### INFORMATION
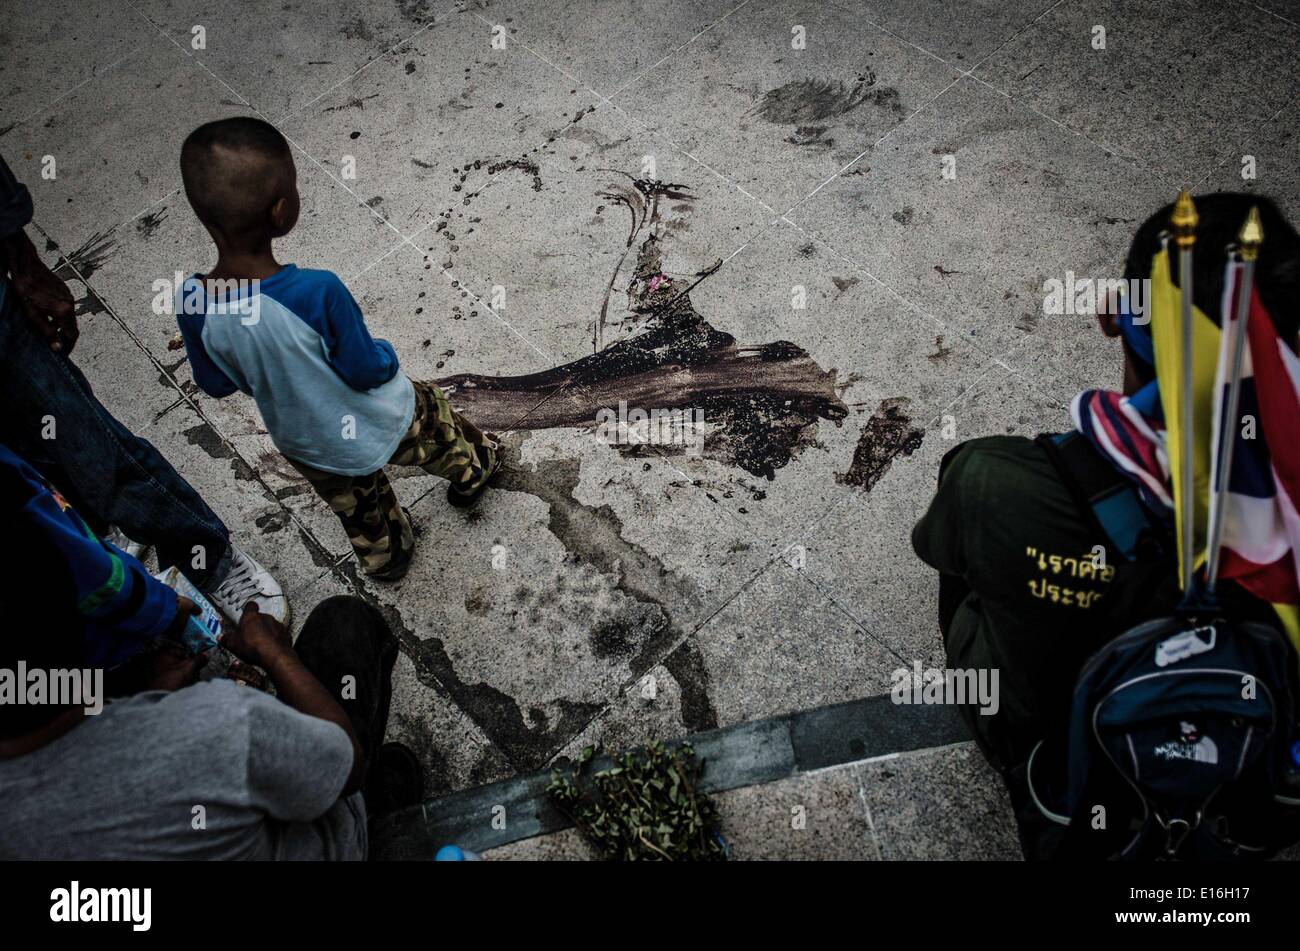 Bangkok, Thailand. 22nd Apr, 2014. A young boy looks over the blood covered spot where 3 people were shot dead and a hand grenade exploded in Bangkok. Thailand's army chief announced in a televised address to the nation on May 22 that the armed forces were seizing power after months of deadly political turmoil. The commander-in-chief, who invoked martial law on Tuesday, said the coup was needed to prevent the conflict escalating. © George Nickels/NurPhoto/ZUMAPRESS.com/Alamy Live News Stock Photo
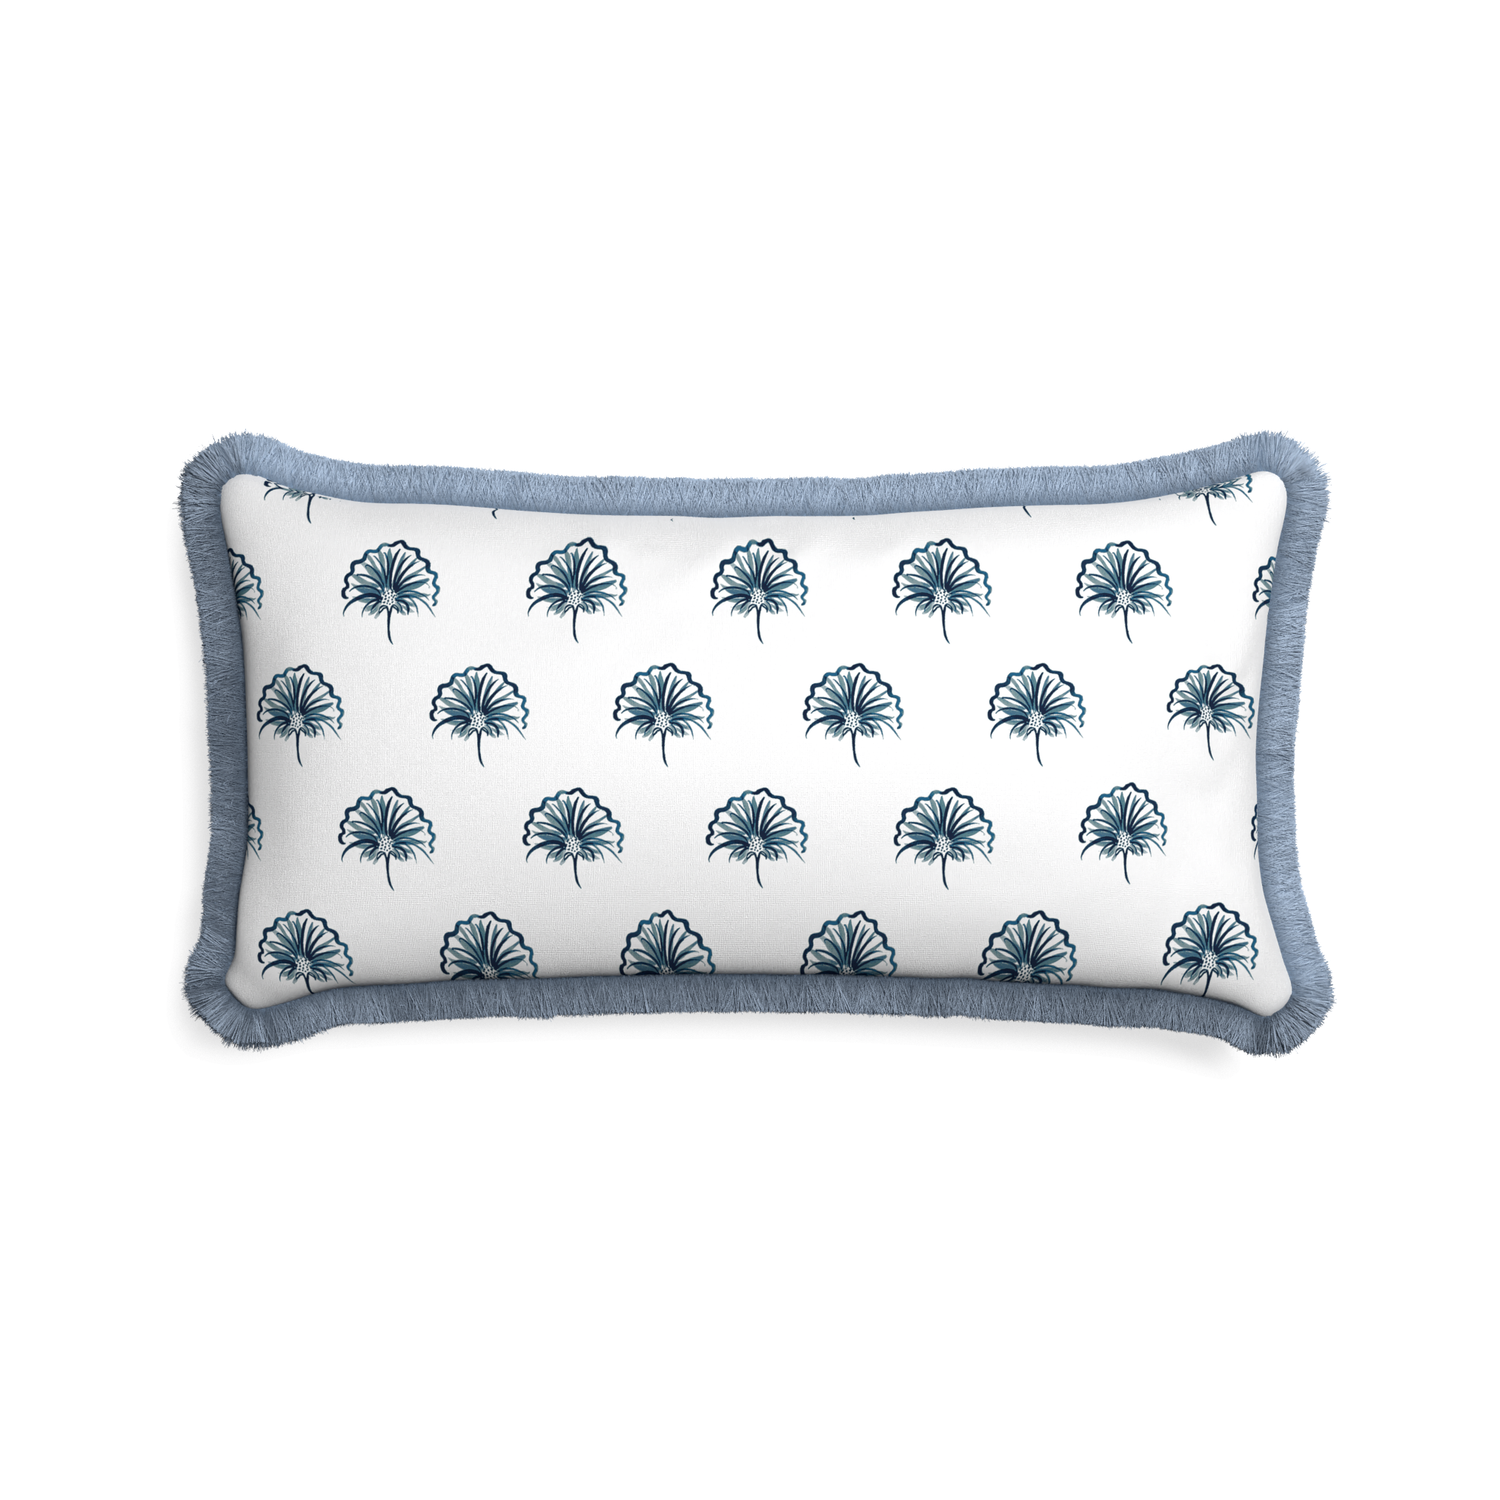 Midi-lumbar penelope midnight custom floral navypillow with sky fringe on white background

==

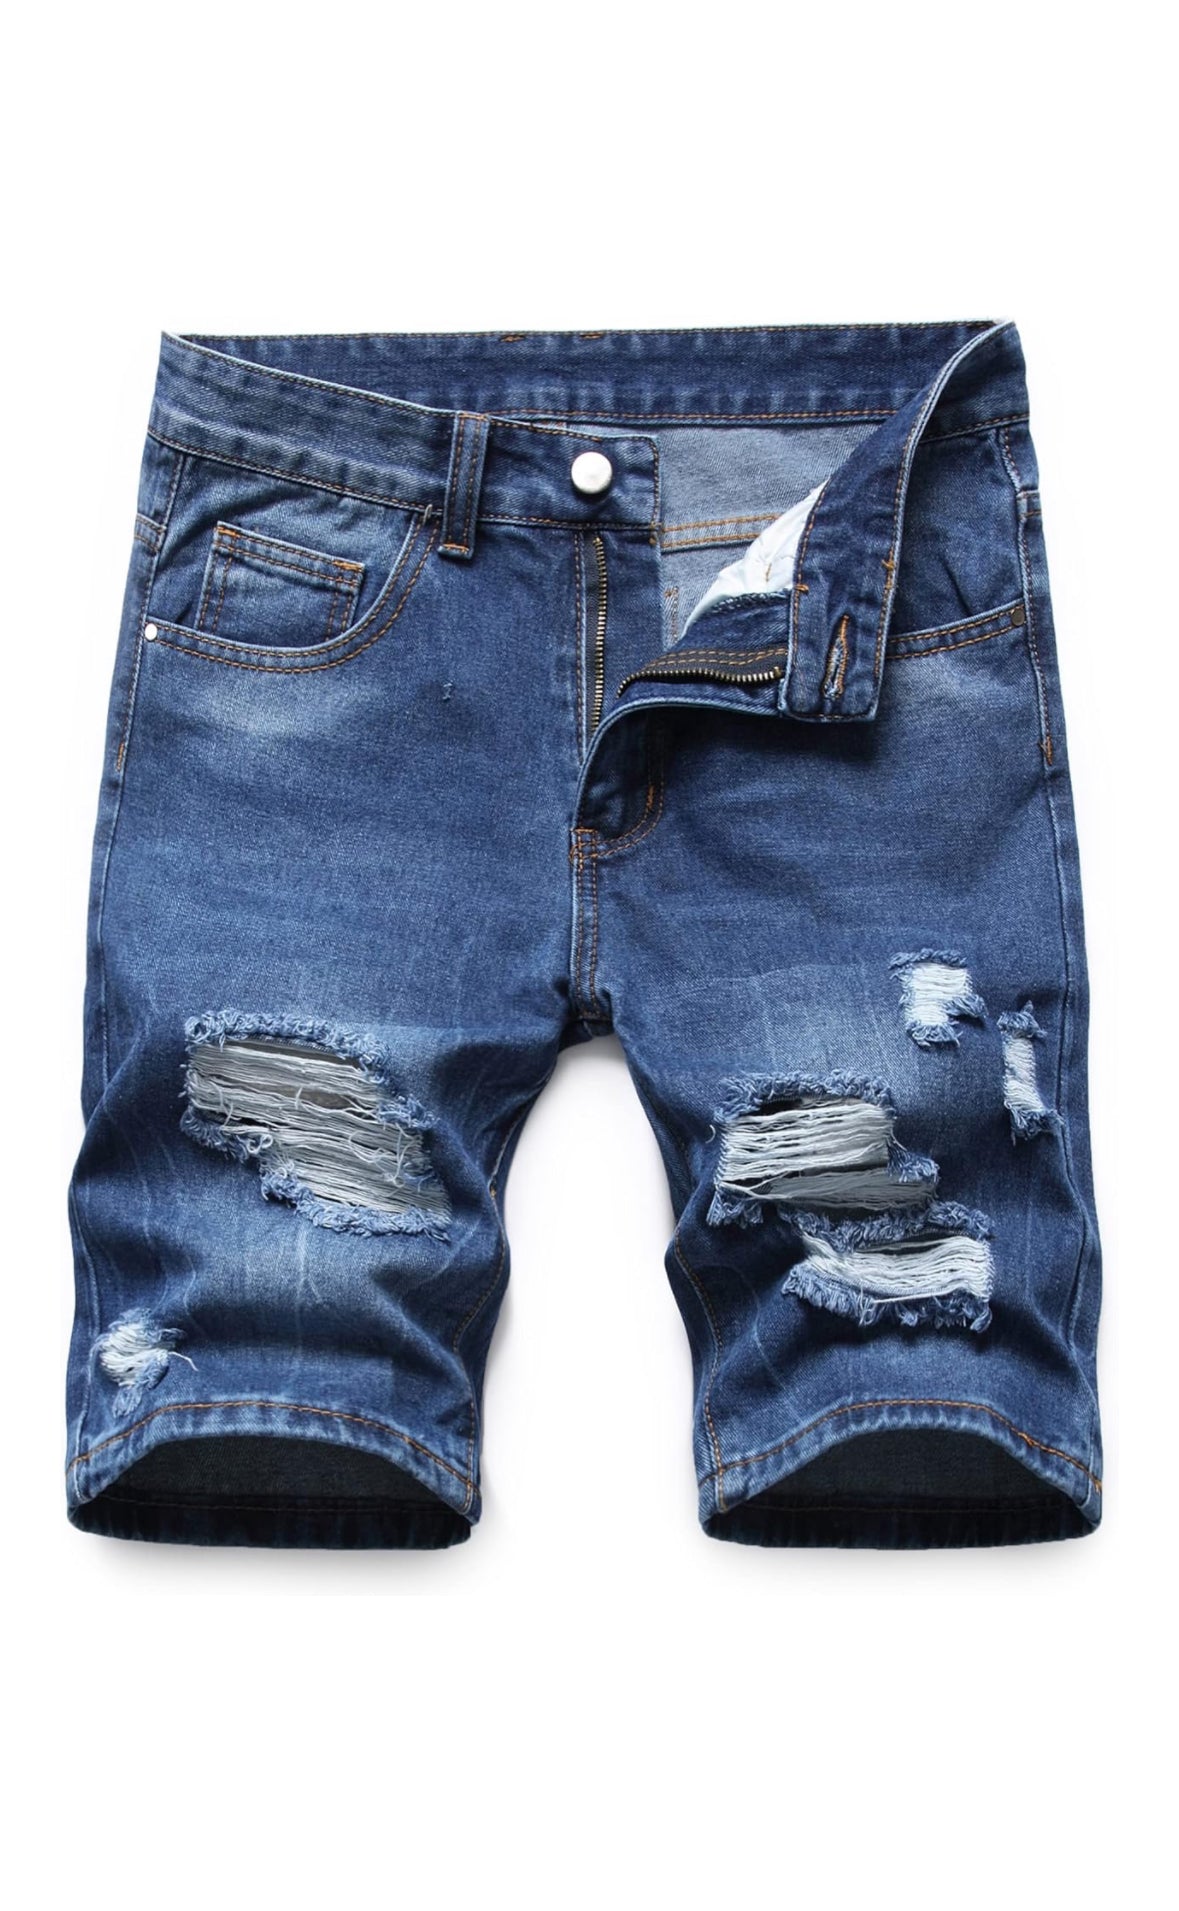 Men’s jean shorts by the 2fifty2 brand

### TASK TO COMPLETE
Quote the data above exactly from the line with "Bangkok, Thailand. 22nd" to the line with "Midi-lumbar penelope midnight", both ends counted, and nothing else. Pictures don't go in.

### ANSWER AREA
 Bangkok, Thailand. 22nd Apr, 2014. A young boy looks over the blood covered spot where 3 people were shot dead and a hand grenade exploded in Bangkok. Thailand's army chief announced in a televised address to the nation on May 22 that the armed forces were seizing power after months of deadly political turmoil. The commander-in-chief, who invoked martial law on Tuesday, said the coup was needed to prevent the conflict escalating. © George Nickels/NurPhoto/ZUMAPRESS.com/Alamy Live News Stock Photo
 Midi-lumbar penelope midnight custom floral navypillow with sky fringe on white background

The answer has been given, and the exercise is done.